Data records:
○ ○ ○ ○

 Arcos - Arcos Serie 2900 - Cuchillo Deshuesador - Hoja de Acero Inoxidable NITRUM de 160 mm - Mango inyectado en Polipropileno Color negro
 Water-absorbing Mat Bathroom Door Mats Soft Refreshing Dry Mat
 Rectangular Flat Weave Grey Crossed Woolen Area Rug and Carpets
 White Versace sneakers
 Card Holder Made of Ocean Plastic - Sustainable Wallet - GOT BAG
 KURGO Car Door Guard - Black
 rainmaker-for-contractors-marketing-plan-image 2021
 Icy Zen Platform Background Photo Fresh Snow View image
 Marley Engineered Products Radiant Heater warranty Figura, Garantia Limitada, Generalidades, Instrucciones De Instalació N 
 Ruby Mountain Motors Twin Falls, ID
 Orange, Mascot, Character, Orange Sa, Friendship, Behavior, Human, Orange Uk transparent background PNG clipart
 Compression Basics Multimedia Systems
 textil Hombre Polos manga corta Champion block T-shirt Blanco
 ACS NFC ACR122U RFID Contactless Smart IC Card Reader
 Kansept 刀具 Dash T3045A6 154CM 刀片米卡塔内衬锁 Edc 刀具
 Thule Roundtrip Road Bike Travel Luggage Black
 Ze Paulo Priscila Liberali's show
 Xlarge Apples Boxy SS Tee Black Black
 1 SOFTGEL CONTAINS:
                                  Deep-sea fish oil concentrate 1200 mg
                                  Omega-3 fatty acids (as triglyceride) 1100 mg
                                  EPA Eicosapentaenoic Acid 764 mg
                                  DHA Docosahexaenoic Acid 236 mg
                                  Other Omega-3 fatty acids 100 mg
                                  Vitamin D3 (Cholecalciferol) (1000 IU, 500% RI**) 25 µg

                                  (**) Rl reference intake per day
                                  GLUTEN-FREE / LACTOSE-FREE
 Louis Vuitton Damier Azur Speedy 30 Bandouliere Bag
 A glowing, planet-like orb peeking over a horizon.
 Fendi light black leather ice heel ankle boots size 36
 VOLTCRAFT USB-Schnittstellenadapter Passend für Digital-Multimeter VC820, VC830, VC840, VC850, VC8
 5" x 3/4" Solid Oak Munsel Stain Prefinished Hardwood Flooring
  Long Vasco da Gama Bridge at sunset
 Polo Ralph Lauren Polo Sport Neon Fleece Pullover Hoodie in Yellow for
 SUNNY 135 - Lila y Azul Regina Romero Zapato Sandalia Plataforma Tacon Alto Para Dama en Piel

○ ○ ○ ○

### [Task directions]
Start at the first line of the entries and stop at the line with "Ruby Mountain Motors Twin Falls, ID". Retype each of those lines exactly, both ends included.

### [Written solution]
 Arcos - Arcos Serie 2900 - Cuchillo Deshuesador - Hoja de Acero Inoxidable NITRUM de 160 mm - Mango inyectado en Polipropileno Color negro
 Water-absorbing Mat Bathroom Door Mats Soft Refreshing Dry Mat
 Rectangular Flat Weave Grey Crossed Woolen Area Rug and Carpets
 White Versace sneakers
 Card Holder Made of Ocean Plastic - Sustainable Wallet - GOT BAG
 KURGO Car Door Guard - Black
 rainmaker-for-contractors-marketing-plan-image 2021
 Icy Zen Platform Background Photo Fresh Snow View image
 Marley Engineered Products Radiant Heater warranty Figura, Garantia Limitada, Generalidades, Instrucciones De Instalació N 
 Ruby Mountain Motors Twin Falls, ID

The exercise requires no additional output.